Why this pattern works¶
- Two independent implementations rarely have identical bugs. The AST interpreter and VM are written in different styles, by different engineers, with different control flow. A bug in one is unlikely to be a bug in the other.
- Fuzzing explores the long tail of input space. Manual test cases cover documented semantics; fuzzing finds the cases engineers didn't think of.
- The oracle is self-consistent. Unlike comparing against a human-written spec, the oracle is "what the other interpreter thinks" — which is concrete and automatable.
- Comparison is cheap. Both interpreters evaluate the same expression; comparison is an equality check on outputs.
Requirements¶
- Two (or more) independent implementations of the same language semantics.
- A generator for well-typed random expressions.
- A way to evaluate each expression with each implementation and compare outputs deterministically.
- Error-handling convention — usually "both error" or "both succeed with same result" is passing; "one errors, one succeeds" fails.
Related patterns¶
- patterns/parallel-rewrite-with-differential-testing — Meta's pattern for rewriting security-critical code with byte-identical output comparison. Same structural idea applied at the parser/decoder level.
- concepts/parser-differential — two parsers for the same format disagreeing; a related notion at the syntactic level.
- concepts/differential-fuzzing — the general technique.
- patterns/vm-ast-dual-interpreter-fallback — Vitess's architecture that keeps both interpreters alive; this pattern is what turns the retention from cost into asset.
Properties¶
| Property | Value |
|---|---|
| Correctness coverage | Very high (scales with fuzzer budget) |
| Bug discovery | Finds deep semantic bugs no unit test would catch |
| Implementation cost | Moderate — you were going to keep two anyway |
| Runtime cost | Continuous fuzzing cluster (Vitess CI) |
| Bug in reference implementation | Discoverable if you have 3 implementations |
When to use¶
- You have (or will have) two implementations of the same semantics. The pattern is almost free if you'd keep both anyway (e.g. for deoptimization fallback).
- Semantic correctness matters more than speed. Language runtimes, database engines, cryptographic libraries, security-critical parsers.
- You have budget for continuous fuzz infrastructure. The pattern delivers value proportional to fuzz iterations.
When not to use¶
- One implementation only.
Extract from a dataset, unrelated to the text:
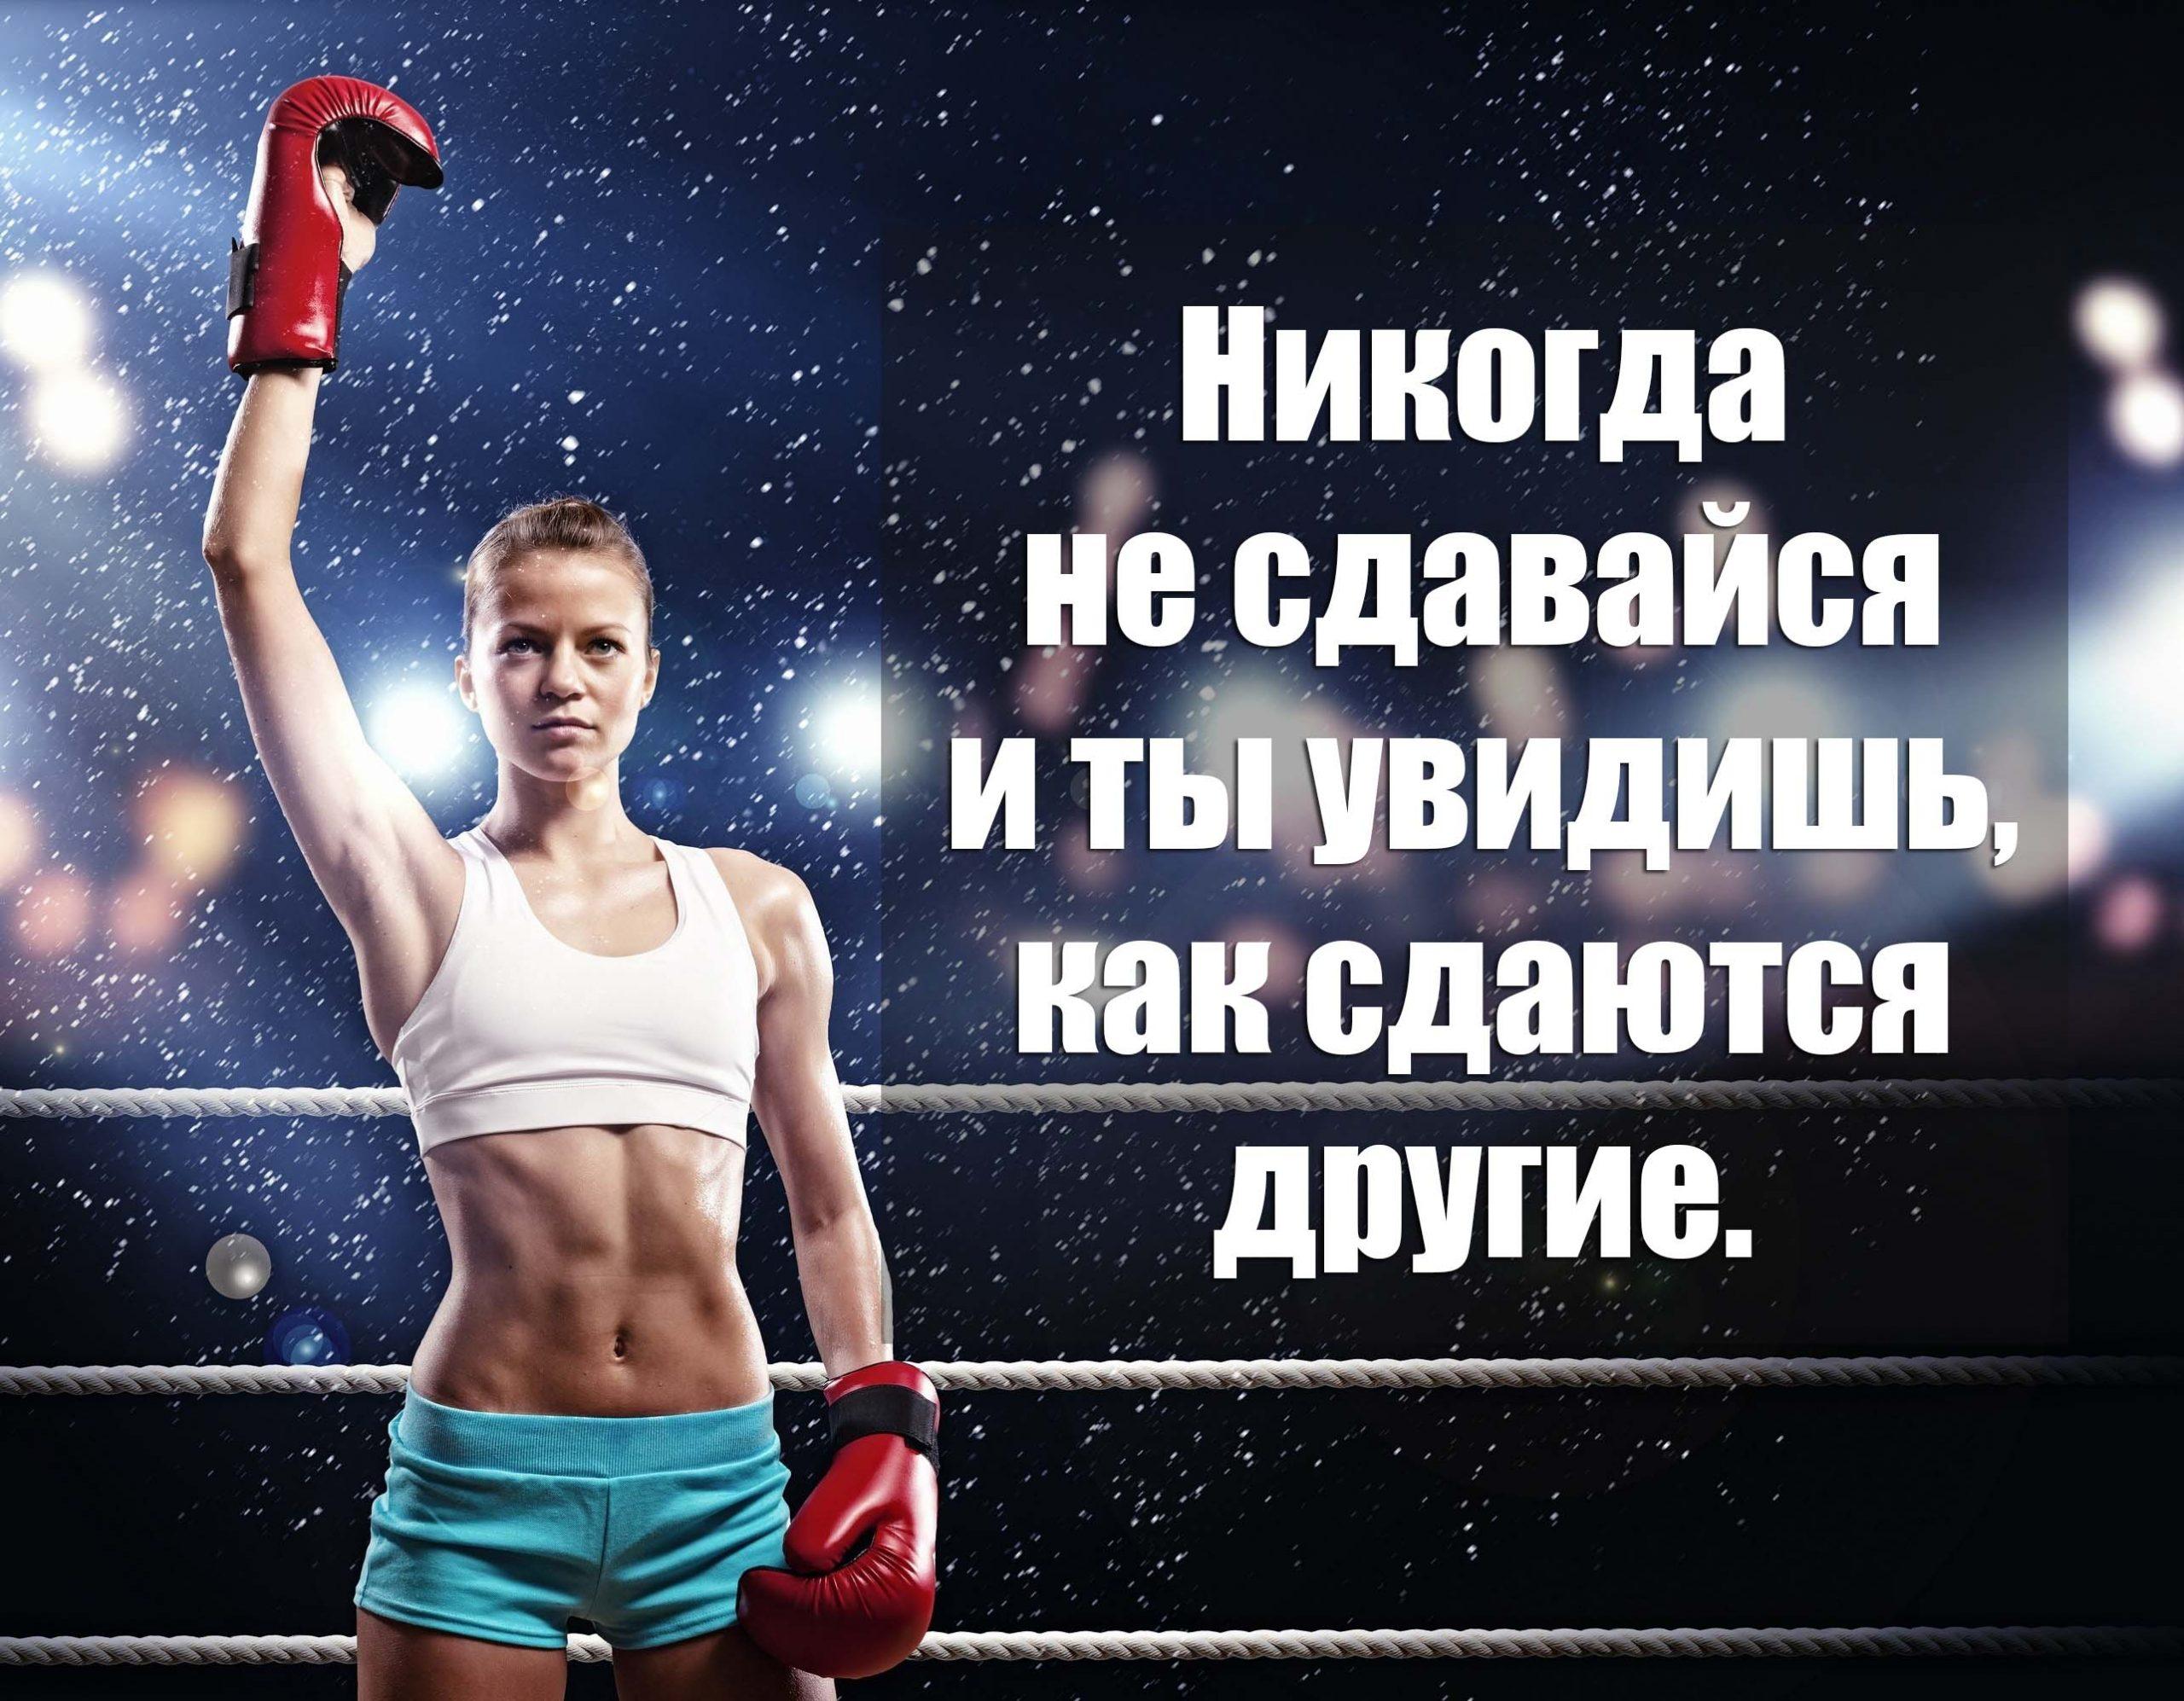 спорт жизнь картинки цитаты

The pattern requires at least two independent oracles. With one, you need a different correctness strategy (formal spec, reference implementation).
- Non-deterministic semantics. If outputs can legitimately differ (random functions, wall-clock dependent operators), comparison becomes harder.
Caveats¶
- Requires well-typed generators. Random bytes won't produce well-typed SQL. Vitess's generator understands types and operator signatures.
- Both implementations can share a bug. If both import the same library for collation handling, a bug in the library is invisible to the oracle. Mitigation: a third independent reference (MySQL, in Vitess's case).
- Error-path semantics are tricky. If one interpreter errors and the other computes a value, the comparison logic must decide whether that's a bug or legal divergence.
- Continuous fuzzing is a recurring cost. Unlike a one-time audit, fuzzing infrastructure runs forever. Budget accordingly.
- Finding bugs in external references is a mixed blessing. Upstreaming MySQL bugs (Vitess's experience) is great for the ecosystem but requires patience — PRs take time, and you need workarounds in the meantime.
Seen in¶
- sources/2025-04-05-planetscale-faster-interpreters-in-go-catching-up-with-cpp
— canonical wiki instance. Vitess fuzzes its AST
interpreter, VM, and MySQL's C++ engine against each other;
the oracle has surfaced bugs in MySQL itself (collation,
insertfunction, substring search) that Vitess upstreams. First wiki canonicalisation of the pattern at the interpreter-semantics level.